• _WORK TO COMPLETE_: Below are the records; restate word for word the lines from the first through the one containing "ГДЗ Українська мова 8 клас сторінка 196", and only those.

Source data:
________

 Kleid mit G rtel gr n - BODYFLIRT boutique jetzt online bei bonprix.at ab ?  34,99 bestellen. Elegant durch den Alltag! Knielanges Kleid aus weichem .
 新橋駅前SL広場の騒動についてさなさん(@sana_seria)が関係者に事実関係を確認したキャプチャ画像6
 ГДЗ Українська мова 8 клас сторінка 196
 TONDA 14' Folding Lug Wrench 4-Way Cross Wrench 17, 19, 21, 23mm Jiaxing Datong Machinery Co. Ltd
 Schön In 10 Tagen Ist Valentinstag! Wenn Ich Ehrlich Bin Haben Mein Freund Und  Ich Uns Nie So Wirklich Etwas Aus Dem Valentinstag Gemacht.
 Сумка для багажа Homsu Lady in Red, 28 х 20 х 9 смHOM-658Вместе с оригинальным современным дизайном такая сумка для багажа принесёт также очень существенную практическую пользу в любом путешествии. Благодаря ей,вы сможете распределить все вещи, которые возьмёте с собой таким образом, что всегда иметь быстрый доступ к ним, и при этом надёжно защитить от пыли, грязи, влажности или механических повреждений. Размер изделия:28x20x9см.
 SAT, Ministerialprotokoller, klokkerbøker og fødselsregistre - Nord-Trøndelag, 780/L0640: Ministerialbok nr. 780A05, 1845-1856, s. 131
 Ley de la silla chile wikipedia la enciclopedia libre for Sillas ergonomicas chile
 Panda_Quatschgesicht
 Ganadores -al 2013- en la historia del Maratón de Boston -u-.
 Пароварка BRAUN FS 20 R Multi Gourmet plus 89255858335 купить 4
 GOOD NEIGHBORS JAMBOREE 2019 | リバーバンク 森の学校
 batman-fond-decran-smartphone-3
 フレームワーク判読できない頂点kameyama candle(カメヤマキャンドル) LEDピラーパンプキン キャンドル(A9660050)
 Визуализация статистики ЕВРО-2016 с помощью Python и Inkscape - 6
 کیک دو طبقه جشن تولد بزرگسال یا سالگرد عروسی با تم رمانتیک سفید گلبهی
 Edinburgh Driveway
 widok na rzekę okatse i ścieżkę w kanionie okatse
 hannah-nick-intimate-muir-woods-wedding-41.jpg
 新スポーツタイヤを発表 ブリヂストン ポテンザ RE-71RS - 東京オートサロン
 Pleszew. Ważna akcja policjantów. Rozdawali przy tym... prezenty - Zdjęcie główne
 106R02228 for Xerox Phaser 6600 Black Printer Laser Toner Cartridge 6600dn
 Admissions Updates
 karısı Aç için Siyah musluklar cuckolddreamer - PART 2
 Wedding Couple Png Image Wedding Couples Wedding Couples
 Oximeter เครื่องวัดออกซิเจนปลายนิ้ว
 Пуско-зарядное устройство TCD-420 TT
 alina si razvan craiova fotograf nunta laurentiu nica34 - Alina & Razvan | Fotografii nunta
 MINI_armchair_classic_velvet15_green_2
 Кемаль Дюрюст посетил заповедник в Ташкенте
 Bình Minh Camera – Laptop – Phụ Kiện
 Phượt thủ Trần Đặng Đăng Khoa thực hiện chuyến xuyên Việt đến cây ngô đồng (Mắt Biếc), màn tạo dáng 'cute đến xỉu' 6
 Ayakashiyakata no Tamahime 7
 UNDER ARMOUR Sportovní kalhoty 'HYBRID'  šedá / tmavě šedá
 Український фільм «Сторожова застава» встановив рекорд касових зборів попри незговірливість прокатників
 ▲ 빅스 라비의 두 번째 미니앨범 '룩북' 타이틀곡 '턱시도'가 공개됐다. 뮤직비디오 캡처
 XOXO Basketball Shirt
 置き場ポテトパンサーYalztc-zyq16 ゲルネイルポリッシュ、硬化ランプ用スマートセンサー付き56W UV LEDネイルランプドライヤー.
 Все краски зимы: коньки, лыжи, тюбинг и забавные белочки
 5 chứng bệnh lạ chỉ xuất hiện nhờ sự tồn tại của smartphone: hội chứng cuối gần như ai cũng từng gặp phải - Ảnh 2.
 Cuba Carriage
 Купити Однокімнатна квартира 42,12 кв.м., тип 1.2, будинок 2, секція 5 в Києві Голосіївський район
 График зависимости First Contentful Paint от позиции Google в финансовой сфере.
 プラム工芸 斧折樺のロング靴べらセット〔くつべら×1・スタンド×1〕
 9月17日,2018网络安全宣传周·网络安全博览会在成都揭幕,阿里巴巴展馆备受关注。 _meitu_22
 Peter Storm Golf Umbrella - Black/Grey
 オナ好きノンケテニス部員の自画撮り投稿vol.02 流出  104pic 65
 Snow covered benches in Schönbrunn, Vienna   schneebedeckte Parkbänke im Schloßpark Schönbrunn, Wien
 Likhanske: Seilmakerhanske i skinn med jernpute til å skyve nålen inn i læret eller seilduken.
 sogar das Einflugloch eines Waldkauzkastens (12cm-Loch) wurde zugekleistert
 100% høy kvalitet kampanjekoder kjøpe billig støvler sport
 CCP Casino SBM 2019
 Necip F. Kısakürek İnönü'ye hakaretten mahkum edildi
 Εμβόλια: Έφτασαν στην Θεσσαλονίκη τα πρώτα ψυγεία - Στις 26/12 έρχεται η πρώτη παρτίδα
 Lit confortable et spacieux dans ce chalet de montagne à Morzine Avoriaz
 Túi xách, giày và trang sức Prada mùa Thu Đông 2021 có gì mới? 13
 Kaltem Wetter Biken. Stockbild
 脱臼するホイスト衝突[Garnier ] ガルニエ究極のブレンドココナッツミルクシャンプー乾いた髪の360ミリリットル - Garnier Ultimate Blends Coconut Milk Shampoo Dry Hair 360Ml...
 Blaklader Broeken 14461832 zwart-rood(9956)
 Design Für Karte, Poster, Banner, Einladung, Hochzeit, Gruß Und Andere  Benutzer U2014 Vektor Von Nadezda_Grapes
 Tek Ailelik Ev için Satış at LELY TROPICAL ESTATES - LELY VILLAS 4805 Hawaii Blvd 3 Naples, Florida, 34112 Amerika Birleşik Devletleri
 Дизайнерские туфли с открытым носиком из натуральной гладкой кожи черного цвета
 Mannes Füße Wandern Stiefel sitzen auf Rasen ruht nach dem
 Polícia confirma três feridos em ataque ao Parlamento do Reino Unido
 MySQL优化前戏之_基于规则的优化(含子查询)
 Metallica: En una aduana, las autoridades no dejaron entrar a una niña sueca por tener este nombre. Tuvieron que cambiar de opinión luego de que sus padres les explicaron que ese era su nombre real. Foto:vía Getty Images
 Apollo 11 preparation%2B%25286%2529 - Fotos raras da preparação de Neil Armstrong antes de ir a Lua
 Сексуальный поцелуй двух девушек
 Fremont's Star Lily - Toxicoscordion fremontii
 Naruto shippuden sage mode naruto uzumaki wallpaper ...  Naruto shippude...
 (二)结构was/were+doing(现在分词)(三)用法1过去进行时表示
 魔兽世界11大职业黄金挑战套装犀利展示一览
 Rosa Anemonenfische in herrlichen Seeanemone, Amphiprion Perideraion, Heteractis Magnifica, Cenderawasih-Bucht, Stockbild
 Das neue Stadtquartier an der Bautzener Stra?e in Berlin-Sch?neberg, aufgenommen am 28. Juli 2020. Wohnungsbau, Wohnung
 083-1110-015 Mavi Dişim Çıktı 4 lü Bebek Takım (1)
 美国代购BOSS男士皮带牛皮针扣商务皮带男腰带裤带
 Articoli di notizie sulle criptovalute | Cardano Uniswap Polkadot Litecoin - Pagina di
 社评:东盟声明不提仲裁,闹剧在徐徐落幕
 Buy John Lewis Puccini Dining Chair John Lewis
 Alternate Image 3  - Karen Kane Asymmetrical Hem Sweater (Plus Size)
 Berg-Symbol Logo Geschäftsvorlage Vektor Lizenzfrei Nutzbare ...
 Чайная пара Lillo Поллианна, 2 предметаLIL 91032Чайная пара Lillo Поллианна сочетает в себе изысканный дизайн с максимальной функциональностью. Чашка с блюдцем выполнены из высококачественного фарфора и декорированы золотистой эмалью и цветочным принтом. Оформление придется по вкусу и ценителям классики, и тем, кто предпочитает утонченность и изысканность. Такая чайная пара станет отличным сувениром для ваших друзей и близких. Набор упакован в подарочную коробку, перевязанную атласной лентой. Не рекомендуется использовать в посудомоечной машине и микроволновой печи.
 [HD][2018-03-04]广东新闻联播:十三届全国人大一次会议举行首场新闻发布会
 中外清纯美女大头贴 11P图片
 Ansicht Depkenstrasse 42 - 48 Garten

________

• _EXERCISE SOLUTION_:
 Kleid mit G rtel gr n - BODYFLIRT boutique jetzt online bei bonprix.at ab ?  34,99 bestellen. Elegant durch den Alltag! Knielanges Kleid aus weichem .
 新橋駅前SL広場の騒動についてさなさん(@sana_seria)が関係者に事実関係を確認したキャプチャ画像6
 ГДЗ Українська мова 8 клас сторінка 196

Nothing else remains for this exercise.